Свою ярость он скрывал за маской хладнокровия, однако постепенно от коллег до меня стали доходить слухи, будто Иэн считал, что одной из наибольших глупостей Райана было совершить свою резню, пока он, Иэн, был в отпуске. И между собой мы добавляли, что (словно это не было уже достаточно глупо) Иэн считал, будто застрелиться со стороны Райана было полным идиотизмом, так как это лишило прославленного доктора Уэста возможности блистательно выступить в суде.
Долгое время случившееся в Хангерфорде оставалось между нами, однако мое положение в больнице Гая, да и, пожалуй, стране в целом, без всякого сомнения, изменилось вследствие проделанной мной работы по этому делу. Я больше не был младшим братом Иэна с глупо разинутым ртом, который слепо следовал за ним по пятам. Отныне я сам стал известным судебно-медицинским экспертом.
3
Мне не составило труда забыть мой странный эмоциональный флешбэк, мысленно вернувший меня к событиям 1987 года, когда я связался по рации с диспетчером, повернул самолет на последний заход и без происшествий приземлился. Я летел на самолете «Сессна-172», которым владею совместно с еще примерно 20 людьми в Ливерпуле. Мне доставляет удовольствие (а еще это мое безумие, поскольку на поезде от двери до двери получалось бы практически всегда быстрее) летать на встречи и вскрытия в другие уголки страны – мне это часто приходится делать.

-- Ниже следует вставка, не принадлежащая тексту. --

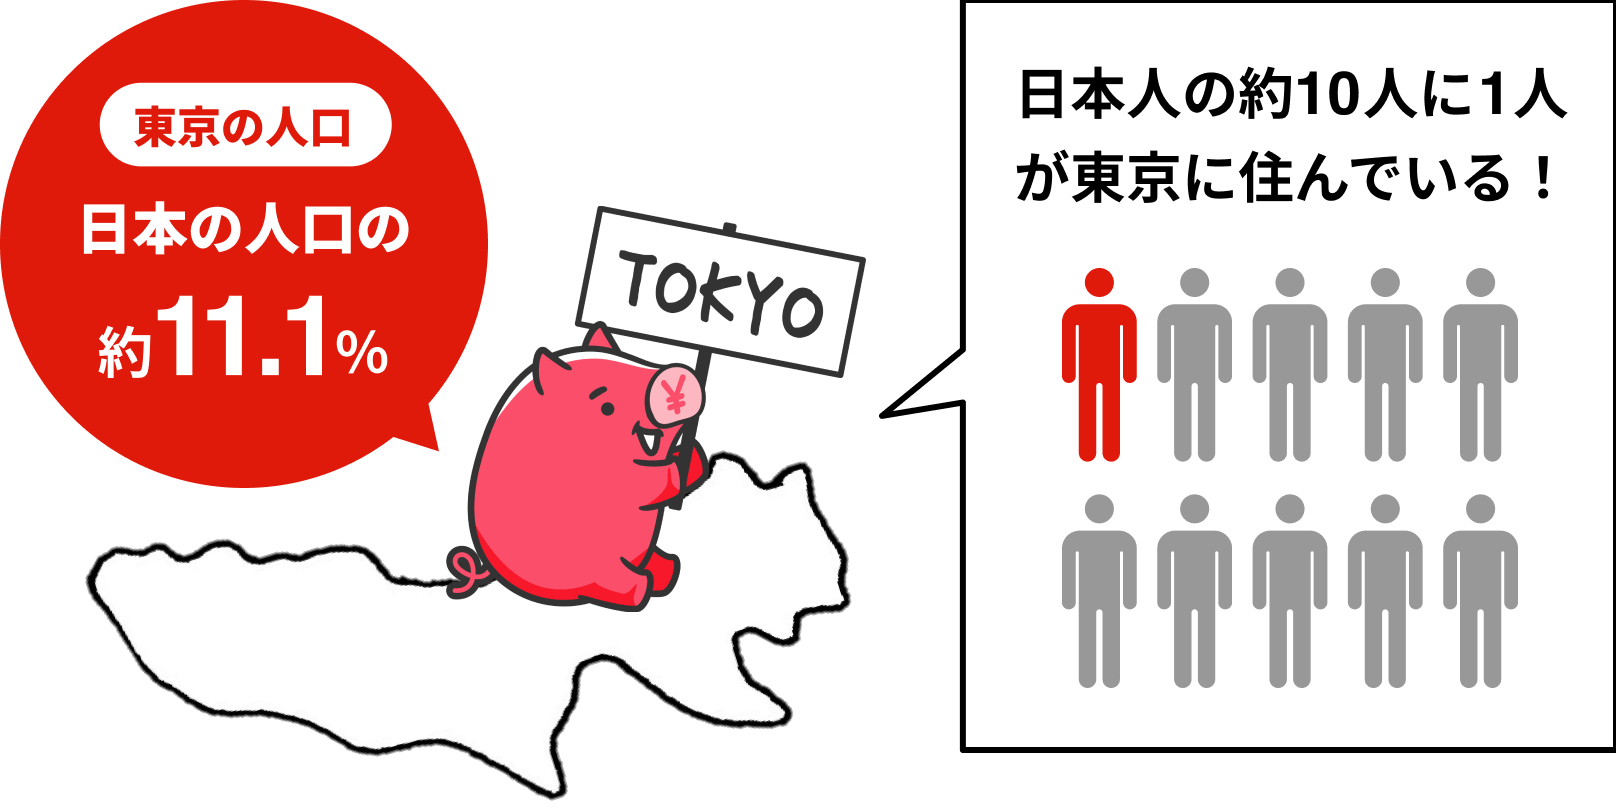 東京の人口 日本の人口の約11.1%　日本人の約10人に1人が東京に住んでいる！

В лучах солнца я проехал по взлетно-посадочной полосе небольшого покрытого травой аэродрома, добрался до своей стоянки и выключил двигатель. Покинув самолет, я увидел ожидающих меня коллег и чувствовал себя прекрасно. Когда машина тронулась, я стал думать, не почудилось ли мне все это в небе. Может быть, в кабине была просто нехватка кислорода? Вряд ли, на высоте 1000 метров. Как бы то ни было, теперь я не сомневался, что моя реакция была не такой сильной, как мне казалось. Ну уж точно не панической атакой.
Во время обратного полета из-за более непостоянных погодных условий мне приходилось полностью сосредоточиться, и я почти не думал о Хангерфорде. Во всяком случае старался избегать подобных мыслей. В тот раз мне впервые пришло в голову, что всецелая поглощенность пилота тем, чтобы остаться в живых, которая подавляет все остальные мысли, чувства и страхи, возможно, является одной из причин того, что я стал летать.
Наконец я дома. Облака разошлись, обнажив мягкое вечернее солнце. Смешав себе виски с содовой, я расположился на террасе, чтобы насладиться последними лучами заходящего солнца.
Внезапно, однако, жемчужные летние сумерки и сопровождавшая их тишина напомнили мне про… Хангерфорд. Снова. Мое сердцебиение участилось. Я почувствовал необъяснимое головокружение – а ведь еще даже не притронулся к своему напитку. Я вновь оказался на улицах небольшого городка, а вокруг неподвижно лежали в лужах крови тела – у газонокосилок, в машинах, просто на тротуаре. Чувство страха схватило меня за грудь и с силой ее сжало.
Я сделал глубокий вдох, чтобы успокоиться. Я напомнил себе, что теперь уже разобрался, в чем дело. Мой собственный разум играл со мной. Иначе быть не могло. Так что, если хорошенько постараться, я должен взять ситуацию под контроль. Иначе никак.